Pipeline details

This section walks through each stage of the ffrprep pipeline — BIDS validation, preprocessing, and analysis — covering the nodes that make up each Nipype workflow and the file layout each stage writes to disk.

Pipeline Overview

The ffrprep pipeline consists of three main stages:

  1. BIDS Validation - Ensures dataset compliance with BIDS standards

  2. Preprocessing - Filters, re-references, and epochs the EEG data

  3. Analysis - Computes evoked responses, time-frequency representations, and FFR metrics

Each stage is implemented as a modular Nipype workflow. The CLI parallelizes across (task, run) iterations within a subject via a ProcessPoolExecutor sized by --n_procs; for cross-subject scaling on clusters, run one CLI invocation per subject (e.g. via slurm job arrays). See the Parallelization section under Usage for details.

Stage 1: BIDS Validation

The first stage validates that your input dataset follows the Brain Imaging Data Structure (BIDS) specification. This ensures reproducibility and compatibility with other neuroimaging tools.

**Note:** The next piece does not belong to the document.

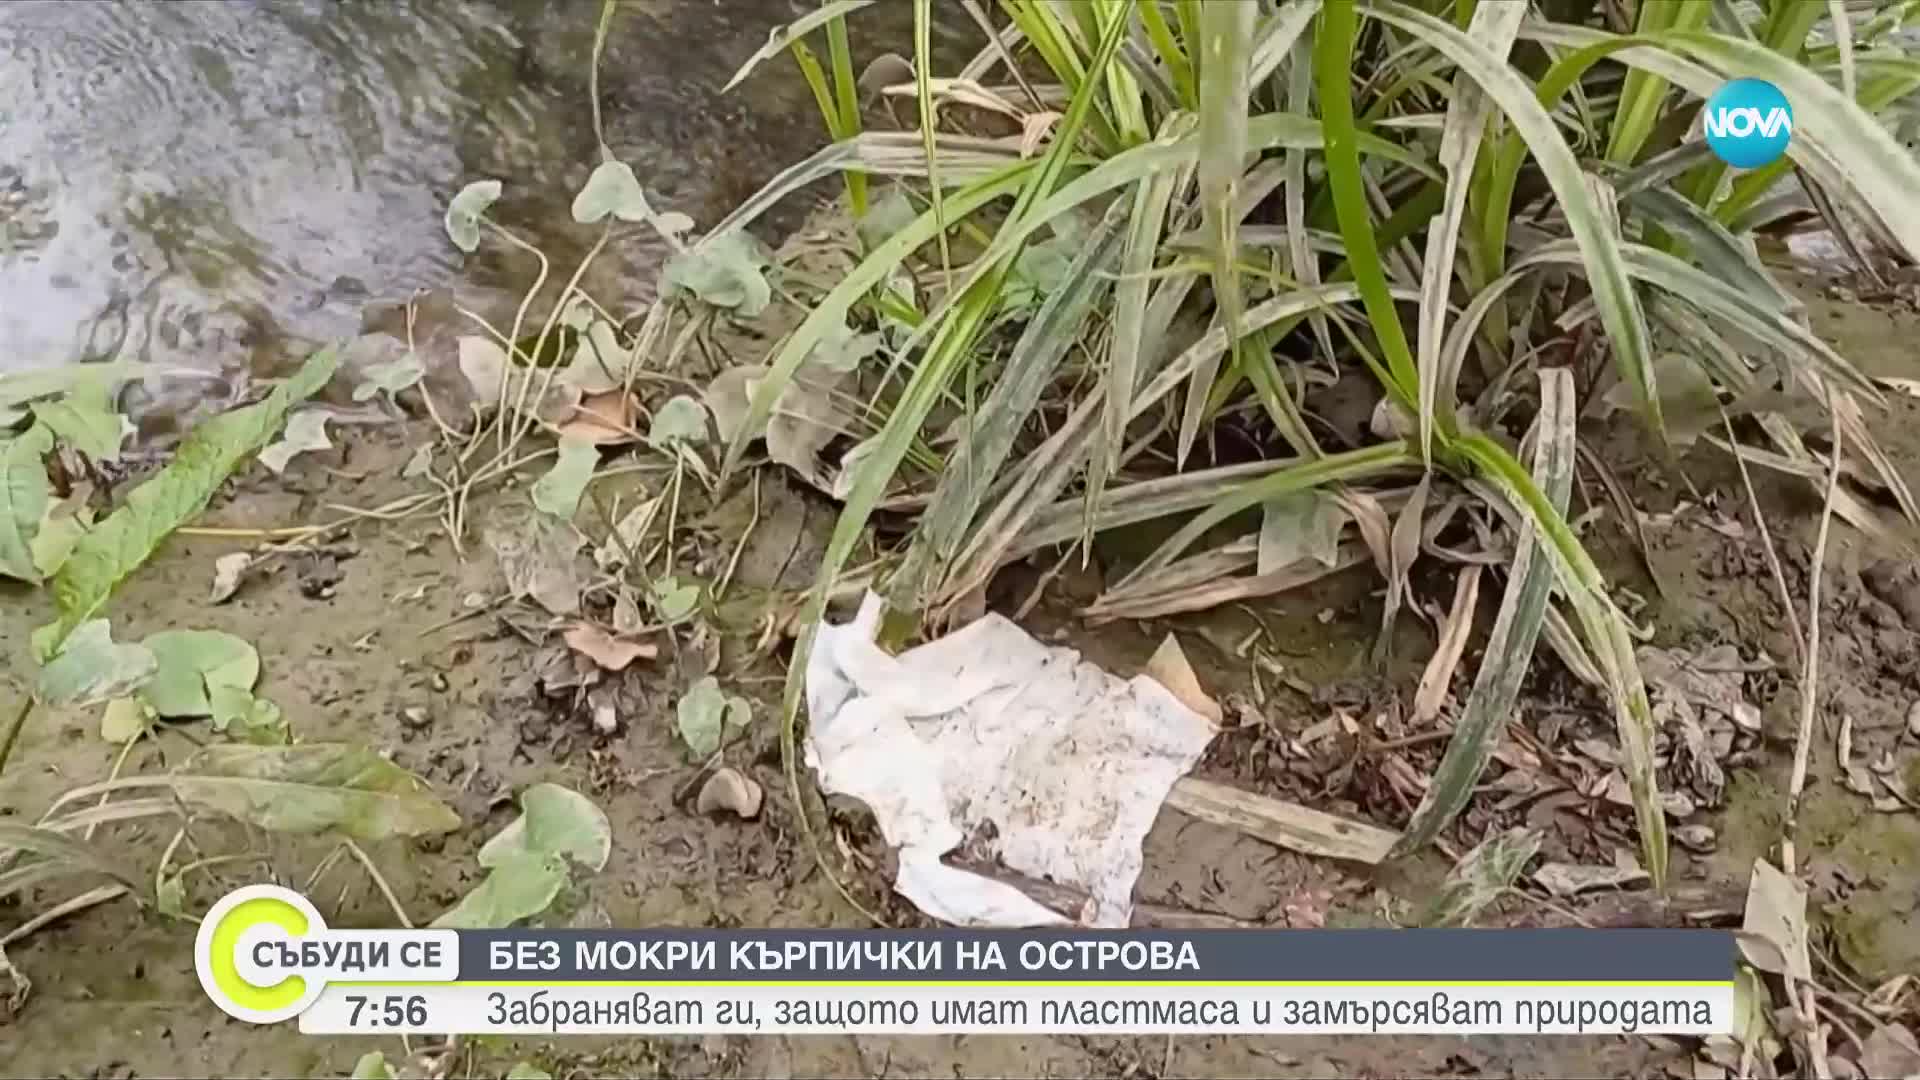 Забраняват мокрите кърпички на Острова, съдържат пластмаса

Purpose: Verify dataset structure, file naming conventions, and required metadata files before processing begins.

Implementation: The validation uses the bids-validator tool with a custom configuration that ignores warnings not relevant to EEG/FFR data.

Key Functions: - validate_input_dir() - Main validation function - Custom validator configuration for EEG-specific requirements

Validation Steps:

  1. Directory Structure Check

    • Verifies presence of required BIDS directories (sub-*/, derivatives/)

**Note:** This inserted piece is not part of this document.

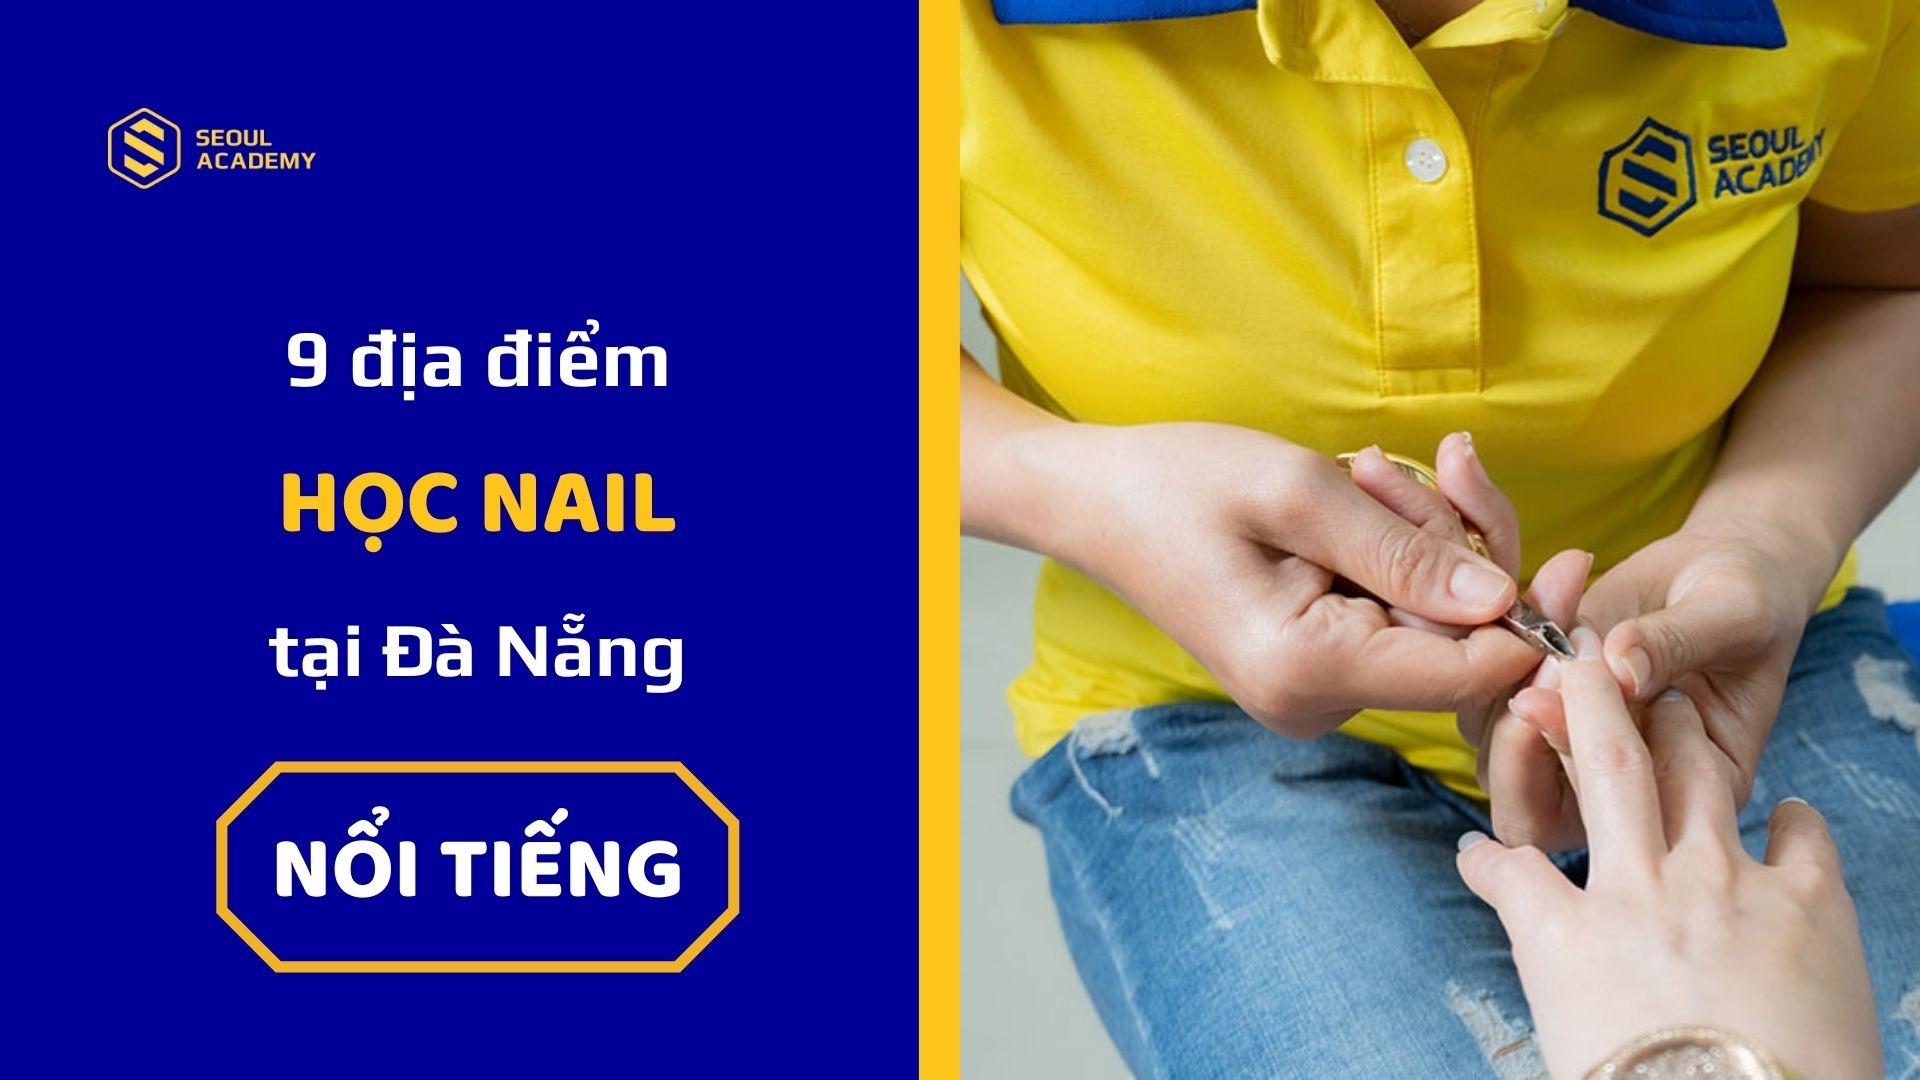 Seoul Academy có khóa học nail và chăm sóc móng nổi tiếng tại Đà Nẵng

    • Checks for dataset_description.json and other required metadata files

    • Validates subject/session/task naming conventions

  2. EEG-Specific Validation

    • Confirms presence of EEG data files (.edf, .bdf, .vhdr, .fif, .set)

    • Validates channel description files (*_channels.tsv)

    • Checks event files (*_events.tsv) for proper formatting

    • Verifies EEG-specific metadata in JSON sidecars

  3. Participant Selection

    • Validates requested participant labels exist in dataset

    • Checks for required EEG data for specified participants

    • Reports any missing or incomplete data

Error Handling: If validation fails, ffrprep provides detailed error messages indicating specific BIDS compliance issues and suggestions for resolution.

Skip Option: Validation can be bypassed using --skip_bids_validation (not recommended for production analyses).

Stage 2: Preprocessing

The preprocessing stage converts raw EEG data into clean, epoched data suitable for FFR analysis. This stage implements standard electrophysiological preprocessing steps optimized for frequency-following responses.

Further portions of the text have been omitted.